Di sisi lain, hubungan antara Anwar dan Tunku Ismail tampaknya tetap terjaga. Pada hari yang sama, Tunku Ismail menerima kunjungan Anwar di istana. Dalam unggahan media sosial, Anwar menyebut pertemuan itu berlangsung dalam suasana bersahabat dan harmonis, serta keduanya sepakat untuk terus menjaga hubungan baik dan memperkuat kerja sama antara pemerintah federal dan pemerintah negara bagian Johor.
Dalam pidatonya saat pengumuman calon, Anwar mengingatkan partai-partai politik untuk tidak menggunakan institusi kerajaan sebagai alat menyerang lawan. “Kami bertarung sebagai partai politik, jangan kaitkan dengan institusi kerajaan,” katanya. “Jika ada kritik, kami terima dengan cara yang baik. Itu tidak pantas dalam demokrasi, dan segala sesuatu ada batasnya.”
Pemilihan negara bagian Johor akan berlangsung setelah masa kampanye 14 hari, dimulai dari penetapan calon pada 27 Juni. Sebanyak 56 kursi di Dewan Undangan Negeri Johor akan diperebutkan. Pertarungan ini diprediksi ketat, dengan isu alokasi dana dan pembangunan menjadi salah satu faktor penentu pilihan pemilih.

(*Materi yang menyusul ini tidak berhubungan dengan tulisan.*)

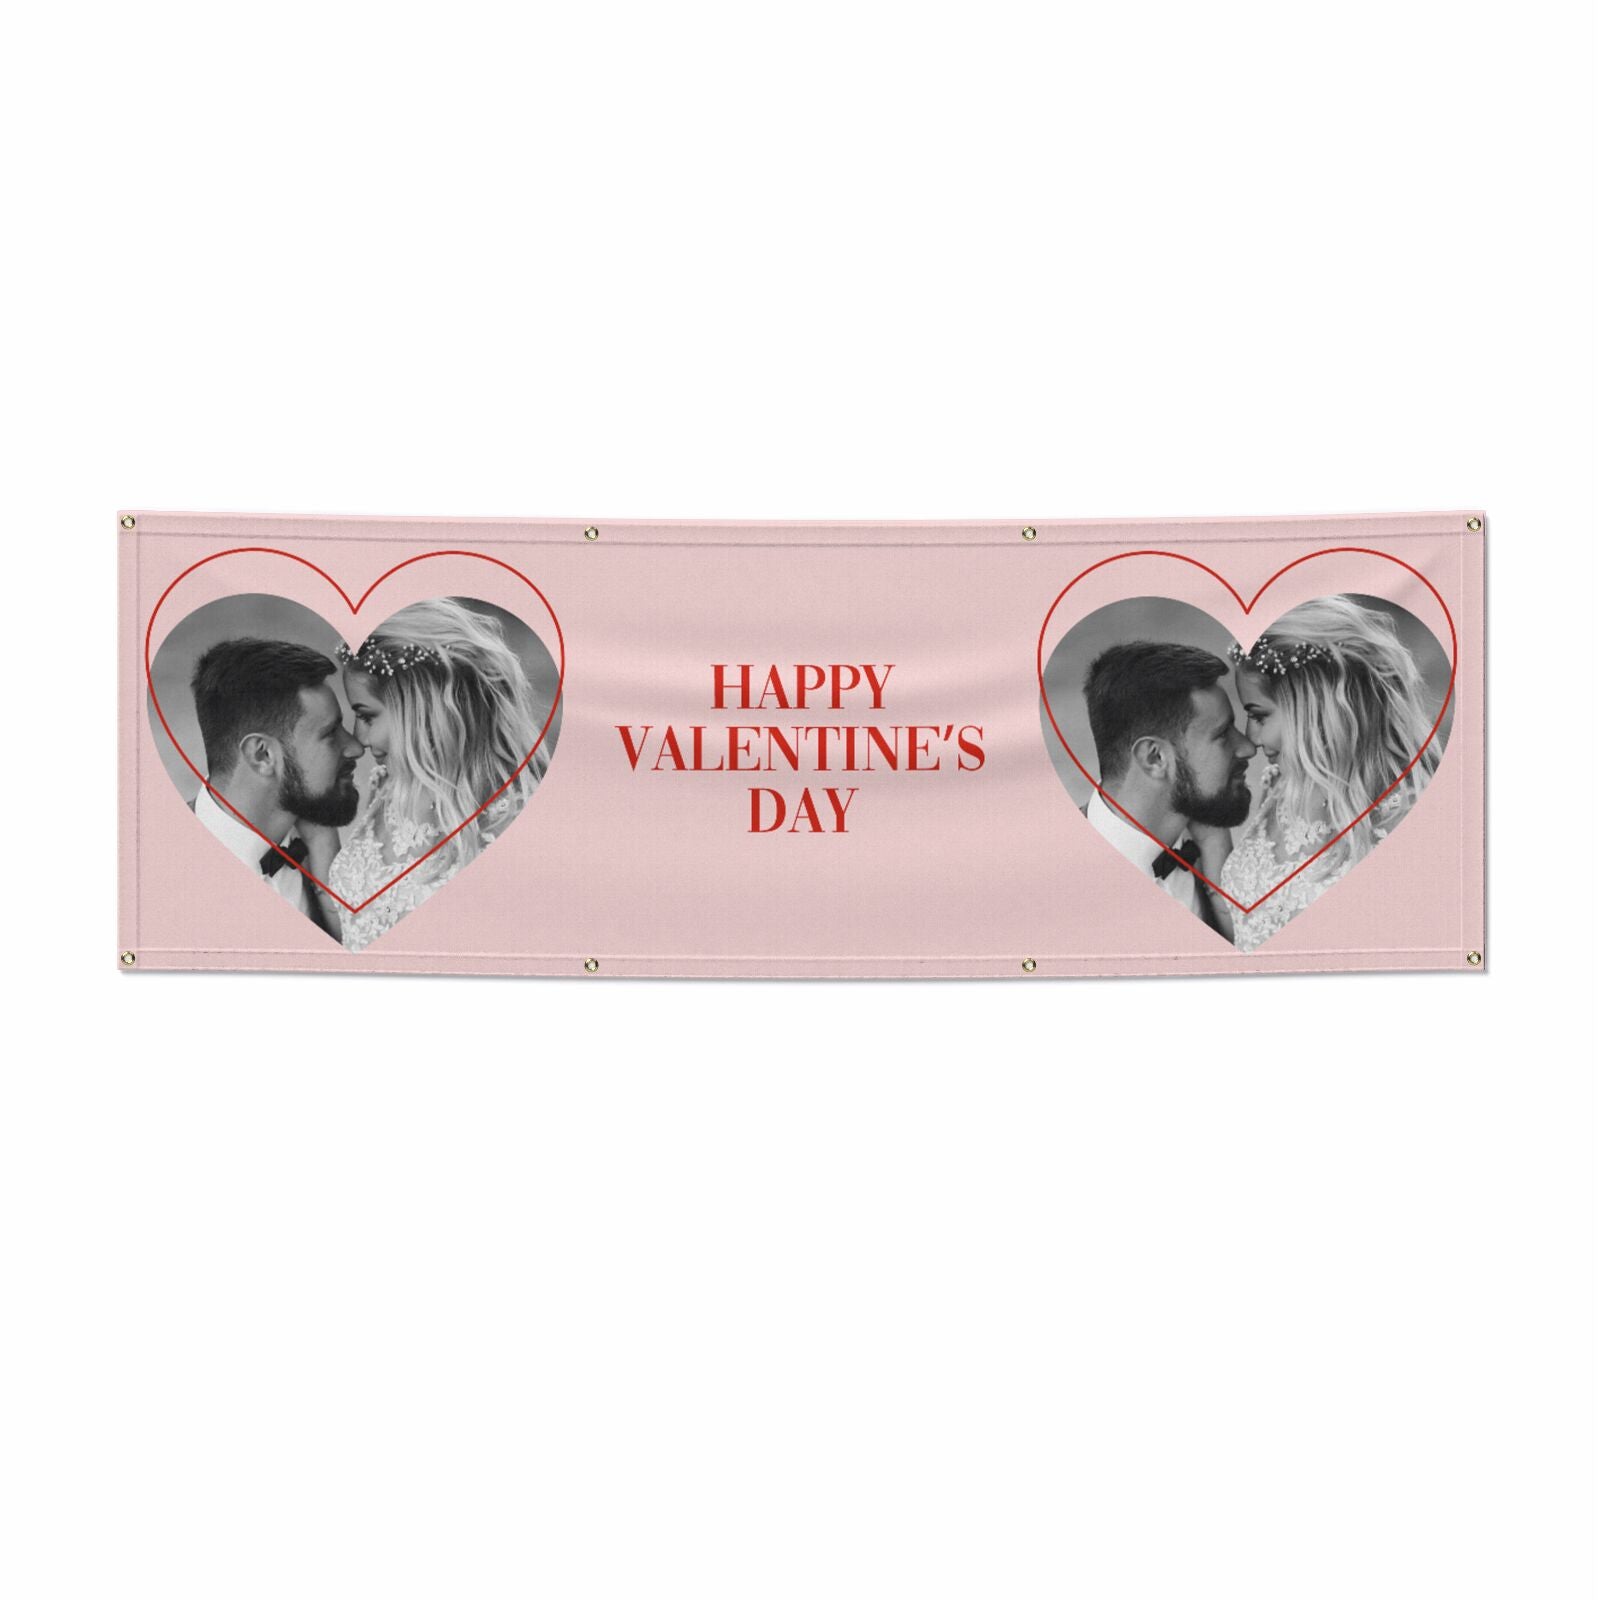 Happy Valentines Day Personalised Photo 6x2 Vinly Banner with Grommets

Bagi Indonesia, dinamika politik di Johor menarik untuk dicermati mengingat provinsi tetangga ini merupakan salah satu mitra dagang utama dan pintu masuk investasi, khususnya di sektor industri dan pariwisata. Stabilitas politik dan kebijakan fiskal di Johor dapat berdampak pada iklim investasi regional, termasuk bagi pelaku usaha Indonesia yang memiliki kepentingan di kawasan tersebut.